• _Exercise data_
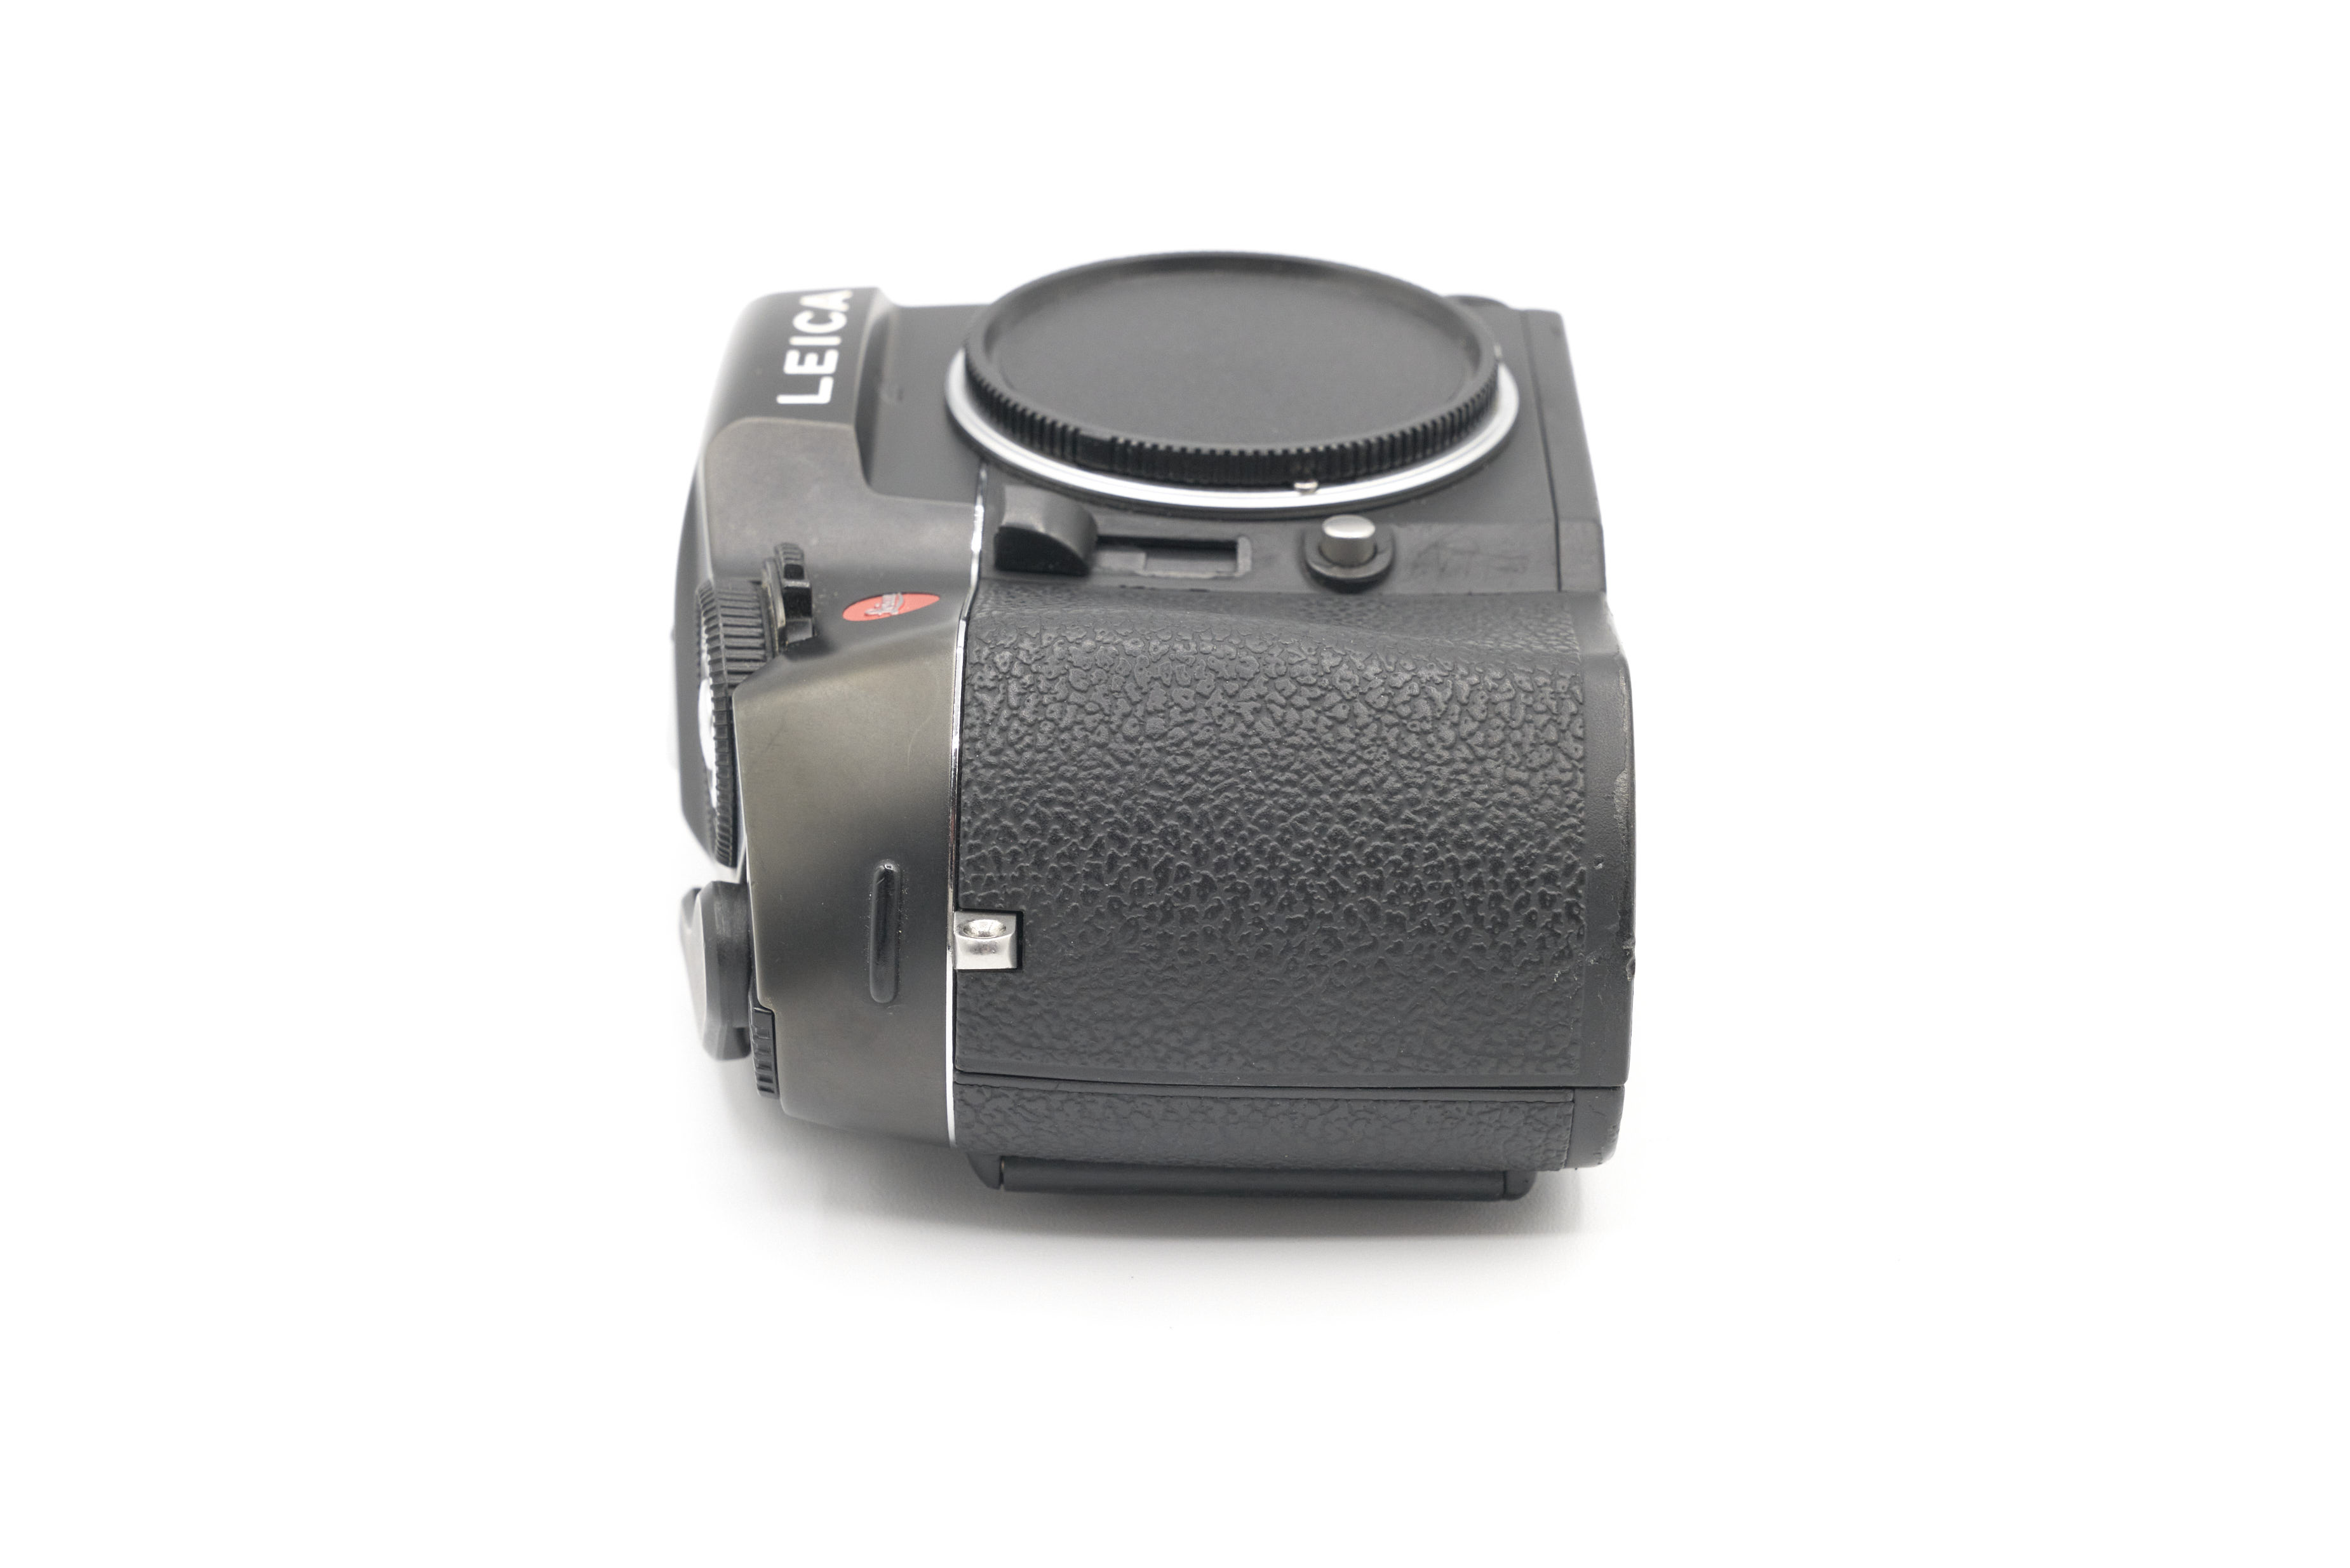 Leica R8 Black with Motor Winder (no battery cover) 10081
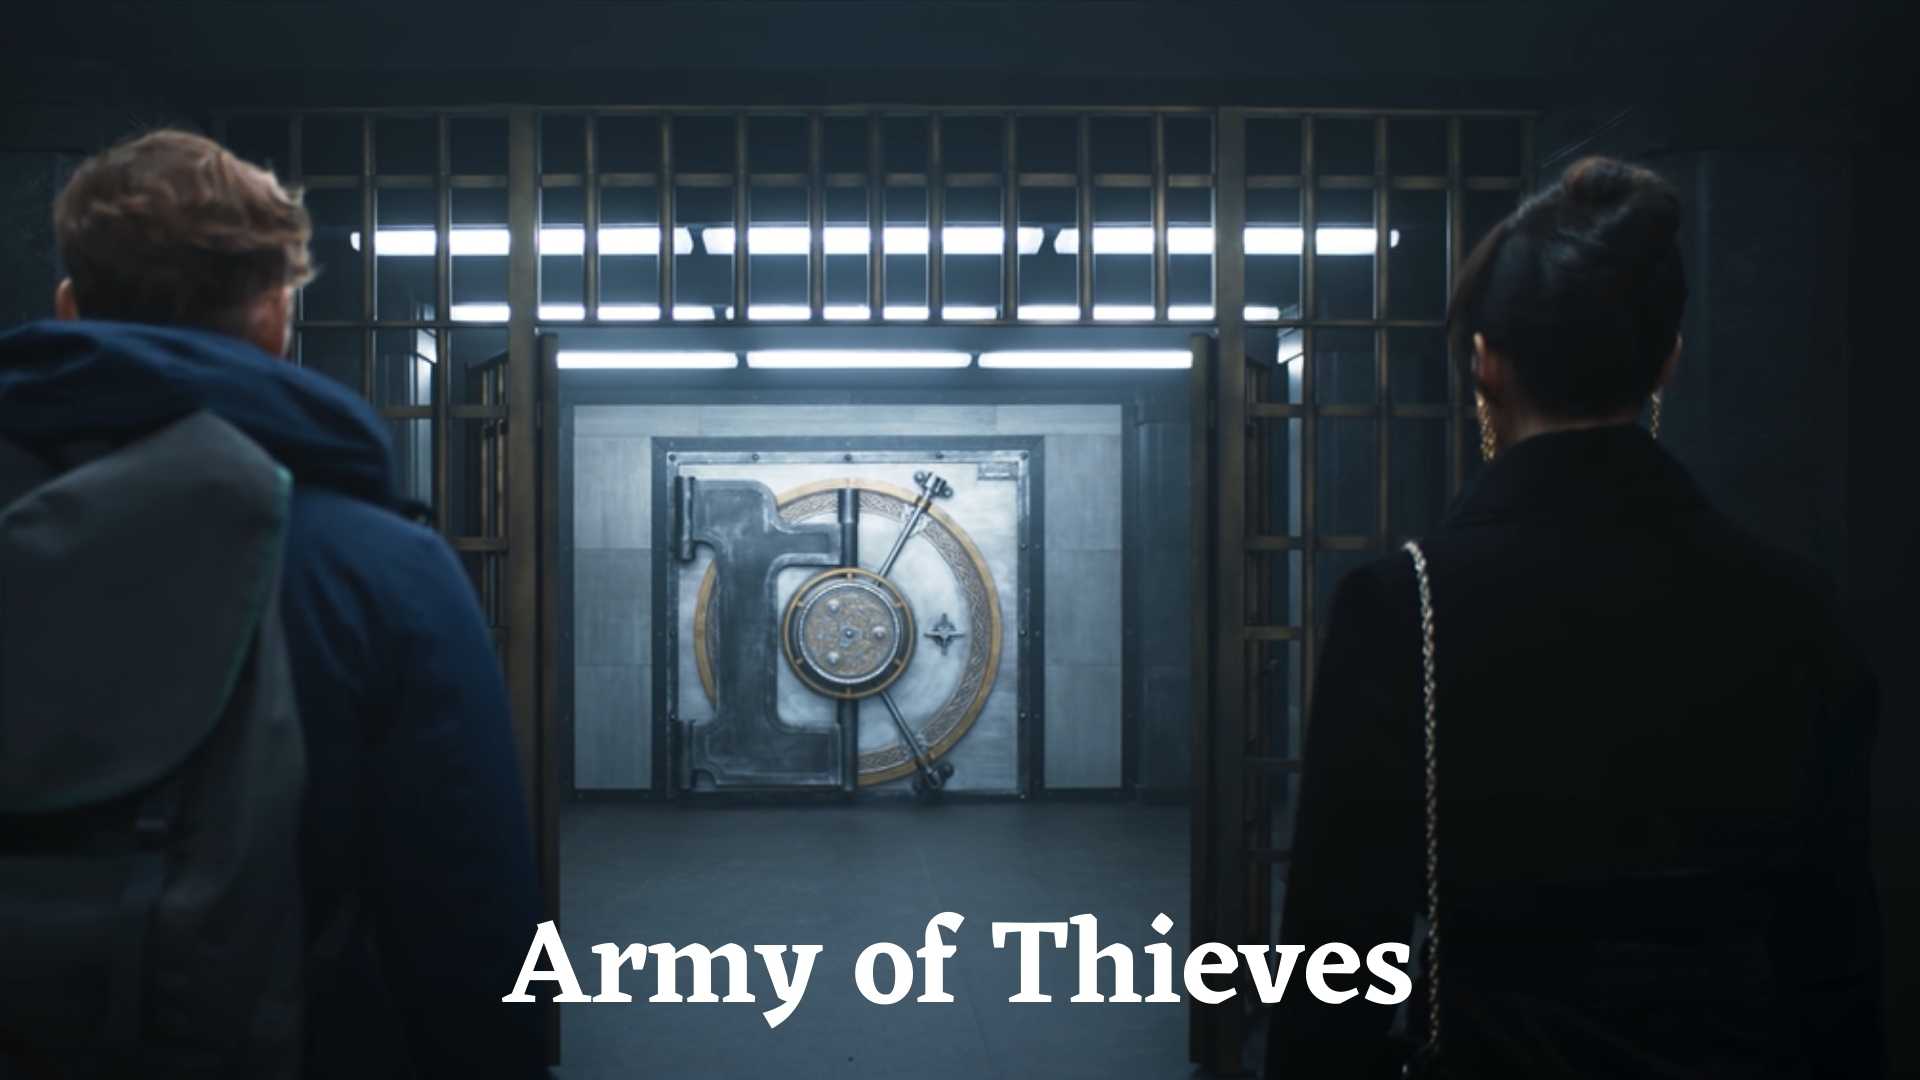 Army of Thieves Cast, Plot, Trailer, Release Date 2021
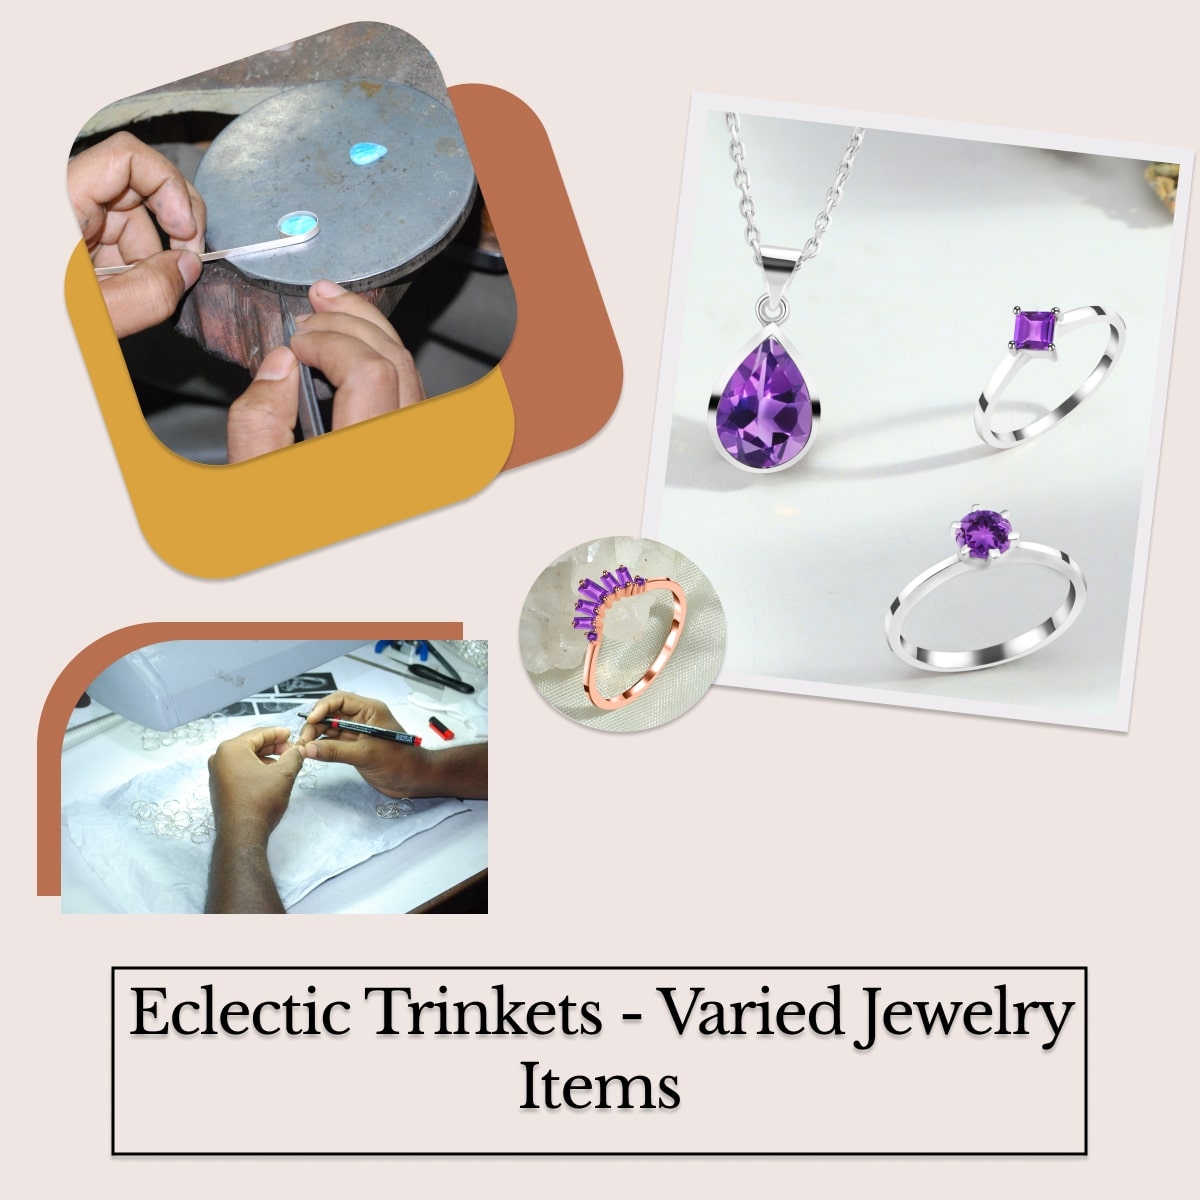 Reason 3: Jewellery is an Eclectic Product

• _Your task_
Give an exact copy of the data, and omit any pictures it holds.

• _Solution_
 Leica R8 Black with Motor Winder (no battery cover) 10081
 Army of Thieves Cast, Plot, Trailer, Release Date 2021
 Reason 3: Jewellery is an Eclectic Product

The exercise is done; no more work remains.